**AVAILABLE DATA**
————

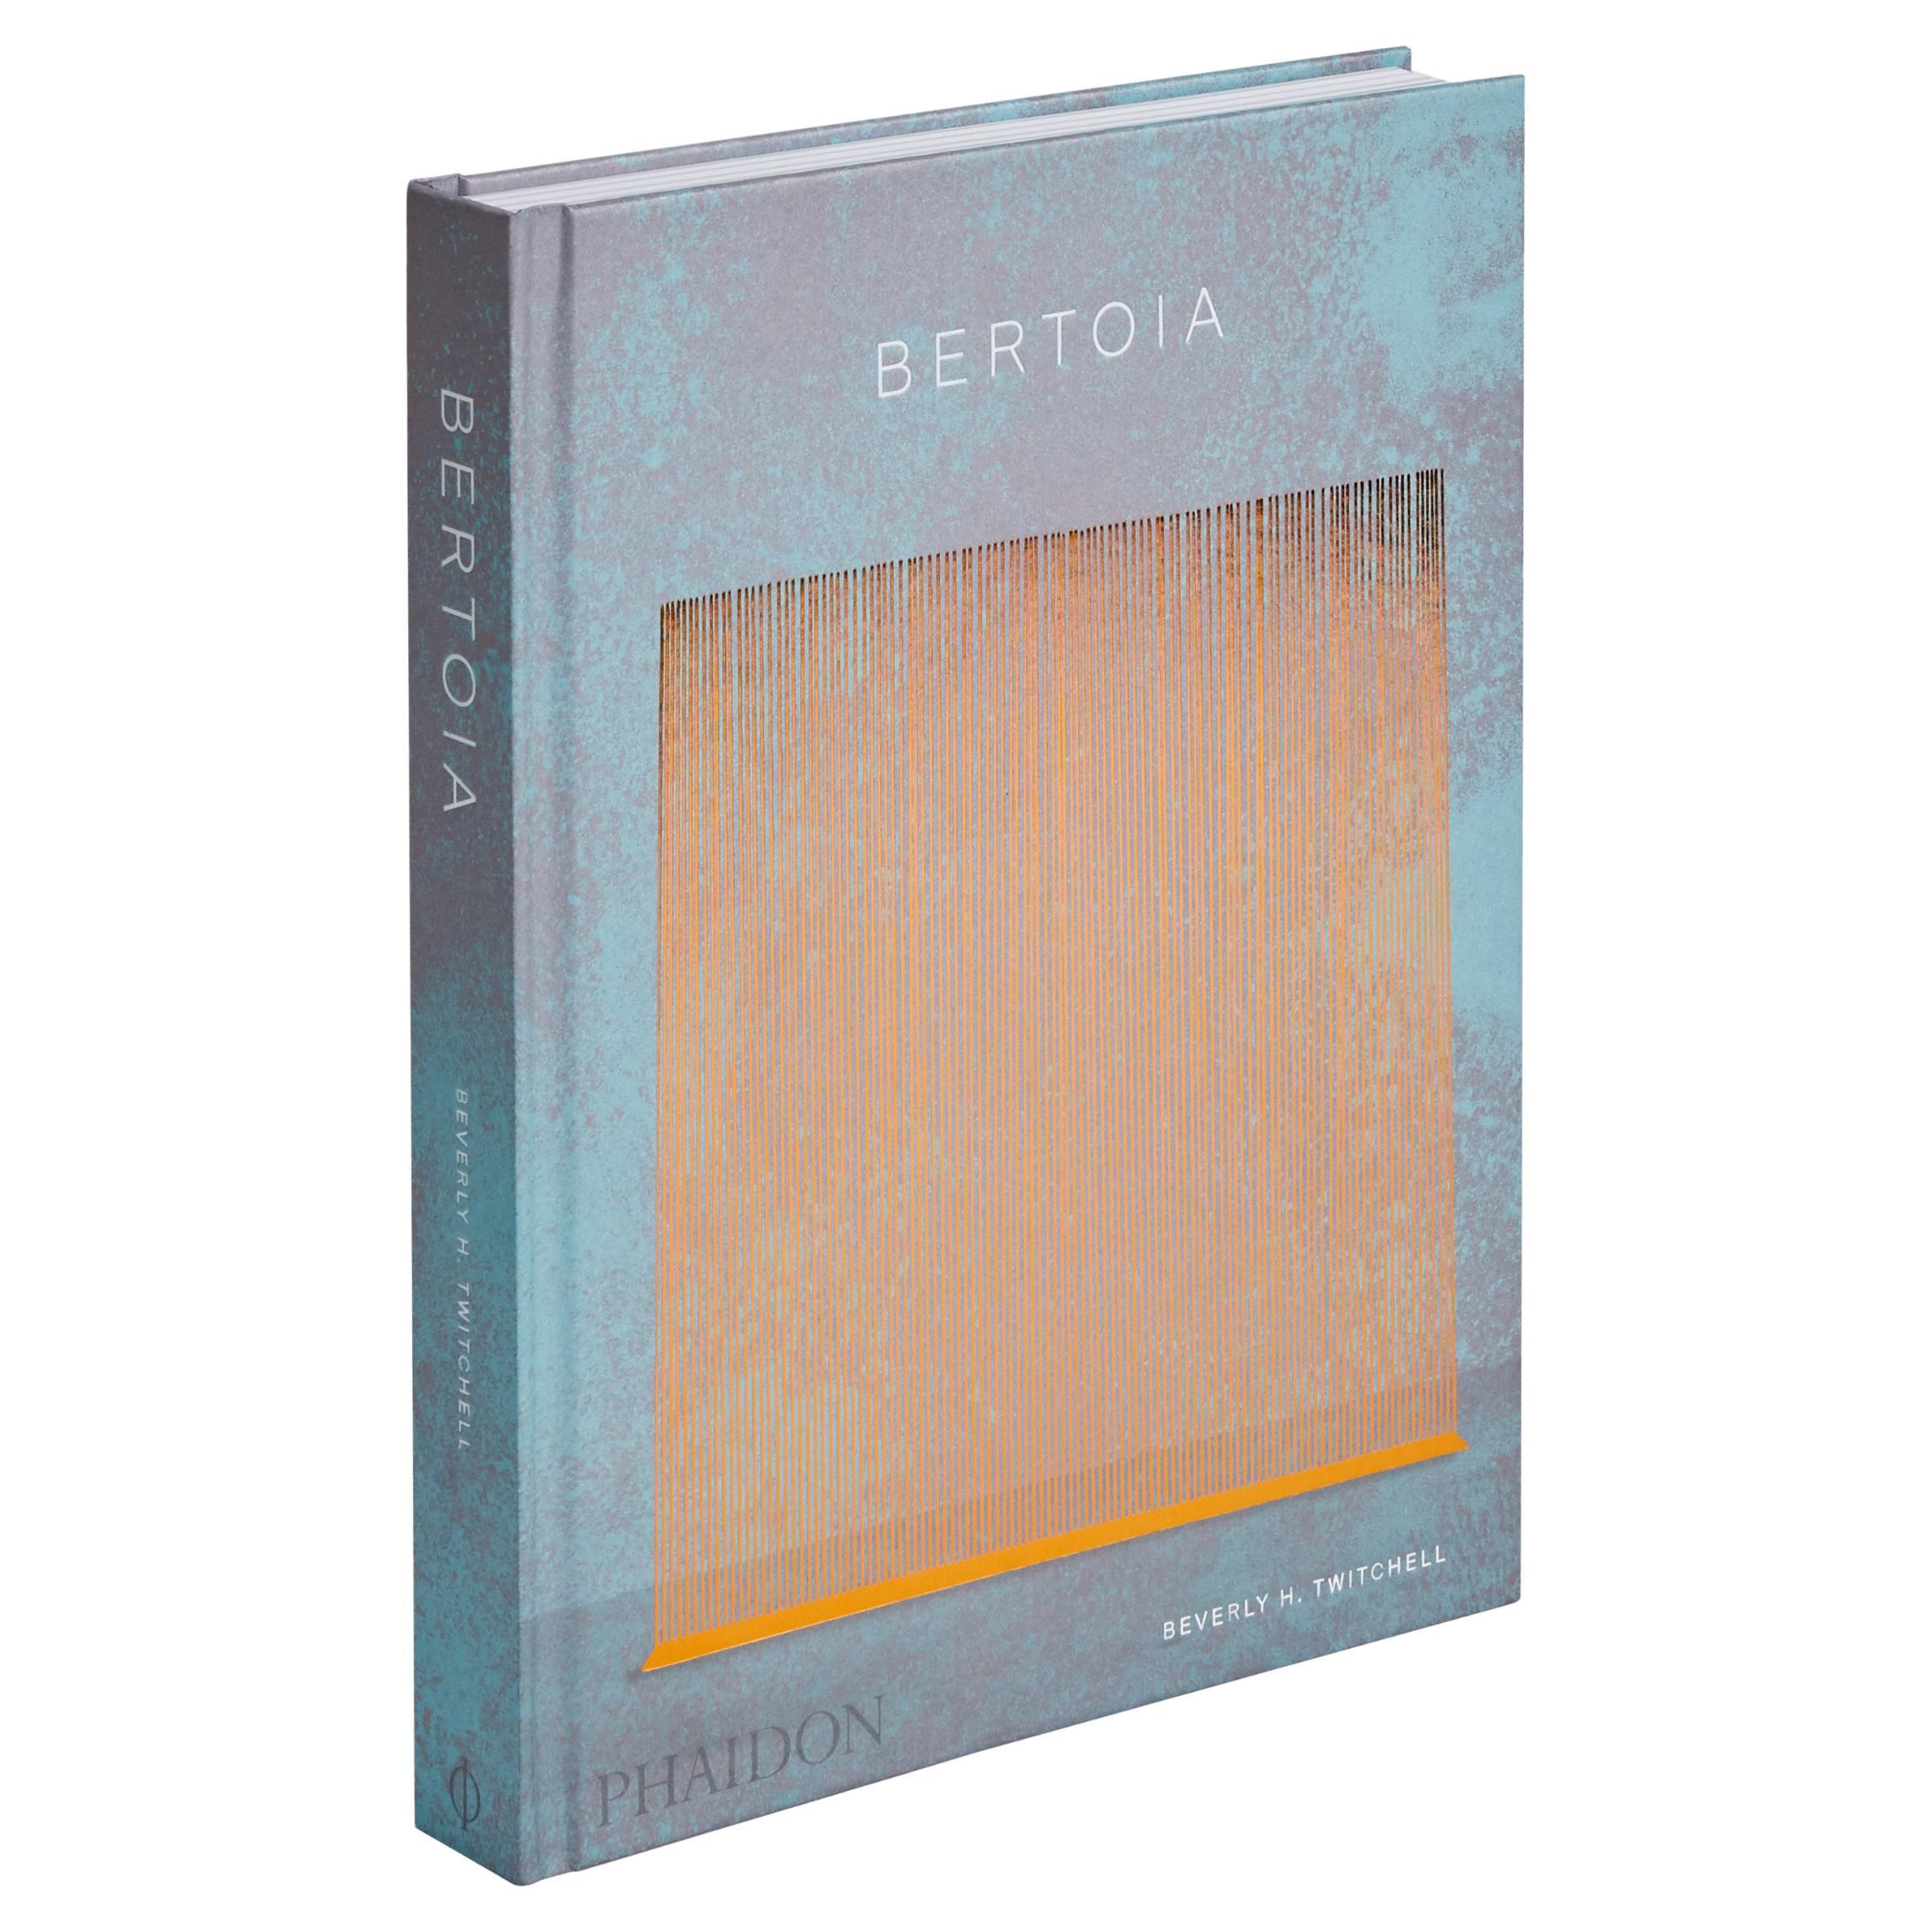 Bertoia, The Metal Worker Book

————

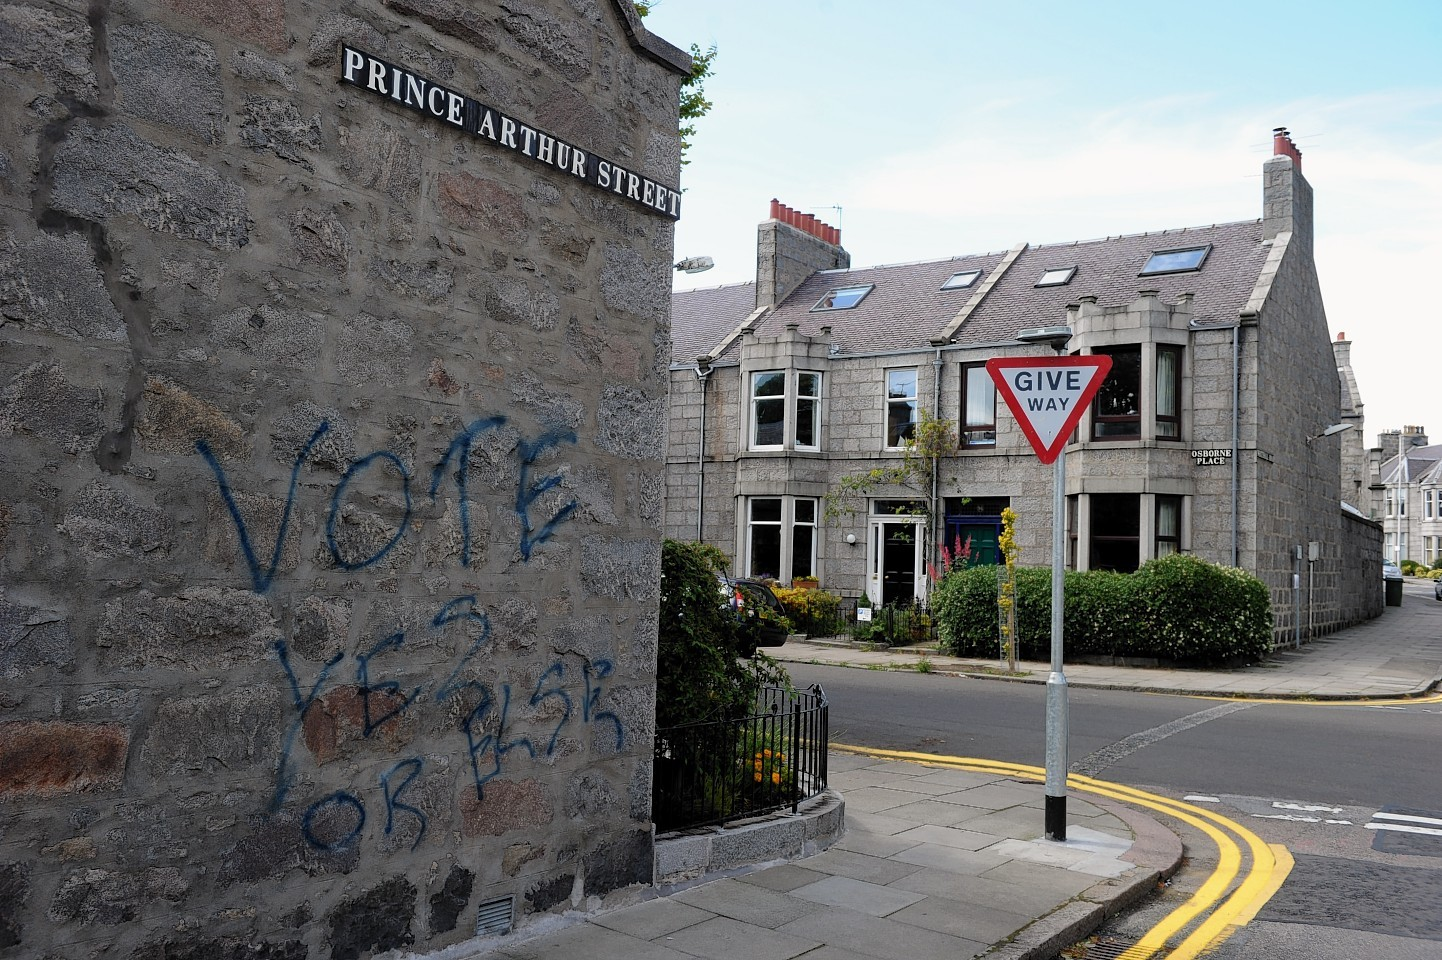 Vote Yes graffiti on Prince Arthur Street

————

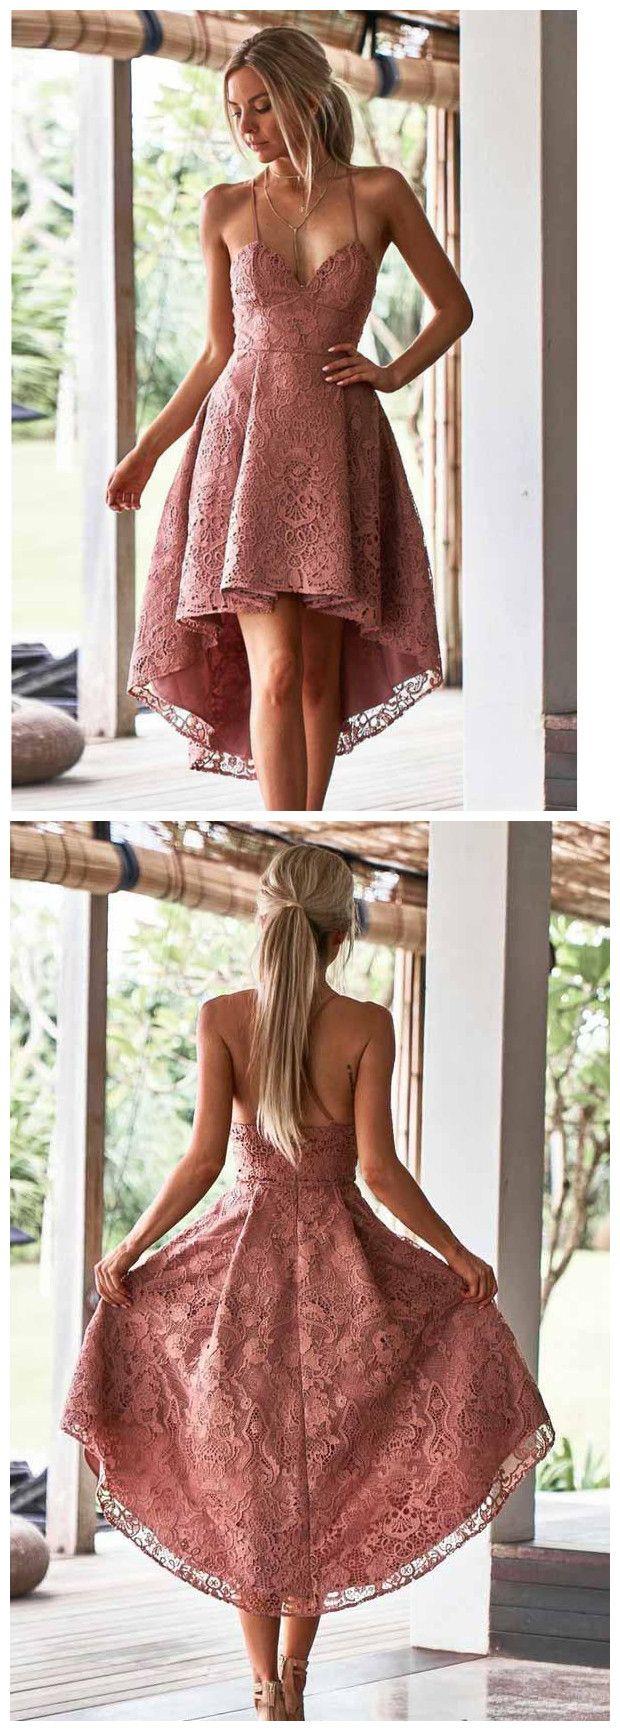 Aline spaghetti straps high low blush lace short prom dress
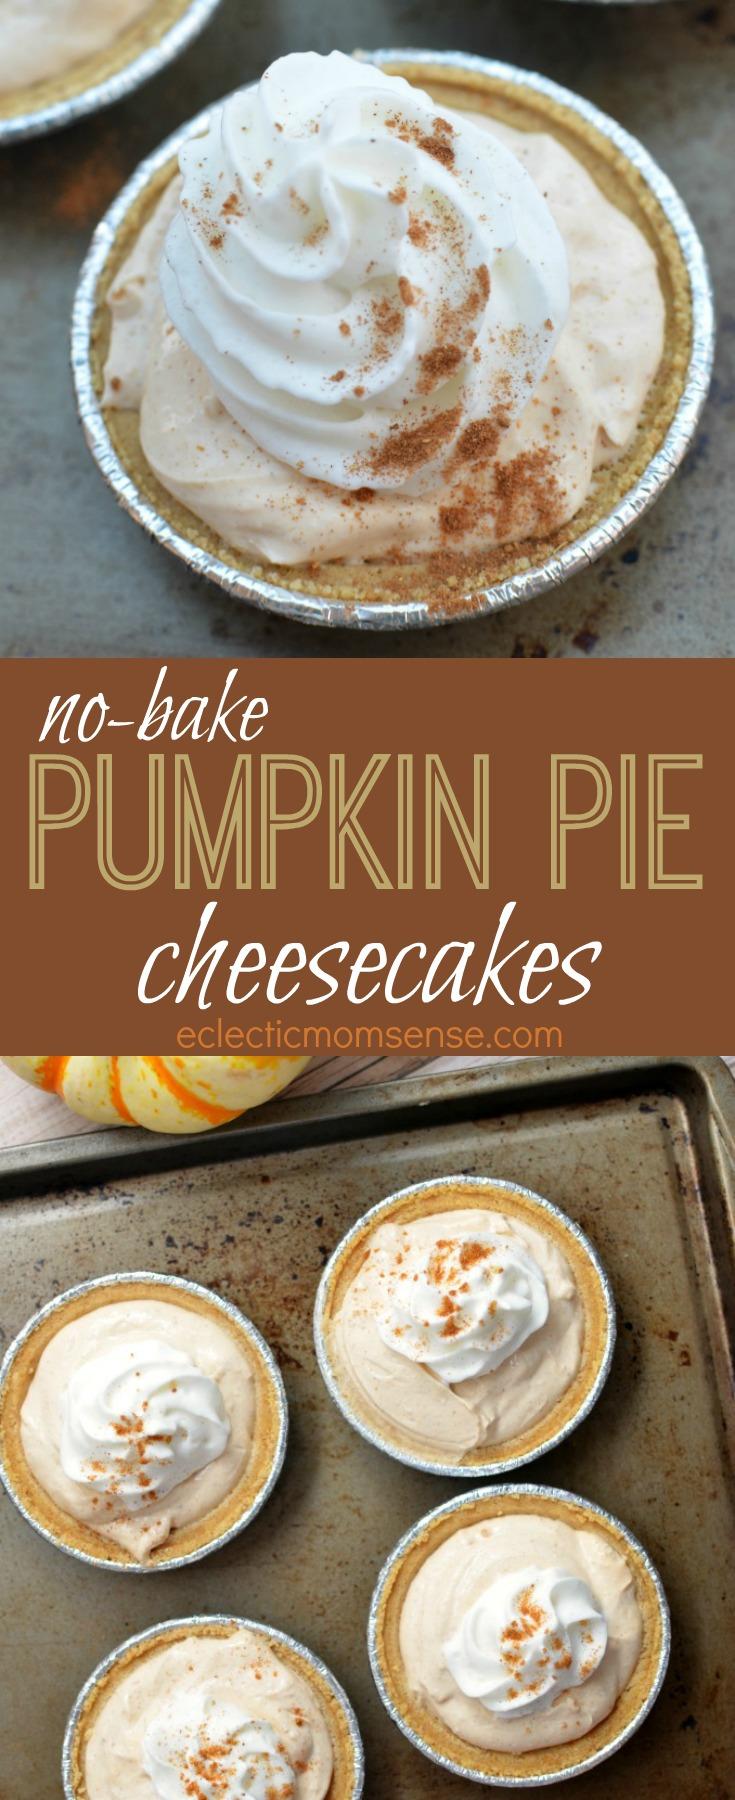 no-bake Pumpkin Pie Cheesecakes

————

**WHAT THE TASK ASKS**
Restate the lines above from the one containing "Aline spaghetti straps" through the one containing "no-bake Pumpkin Pie Cheesecakes", inclusive, exactly and without pictures.

**SOLUTION BELOW**
 Aline spaghetti straps high low blush lace short prom dress
 no-bake Pumpkin Pie Cheesecakes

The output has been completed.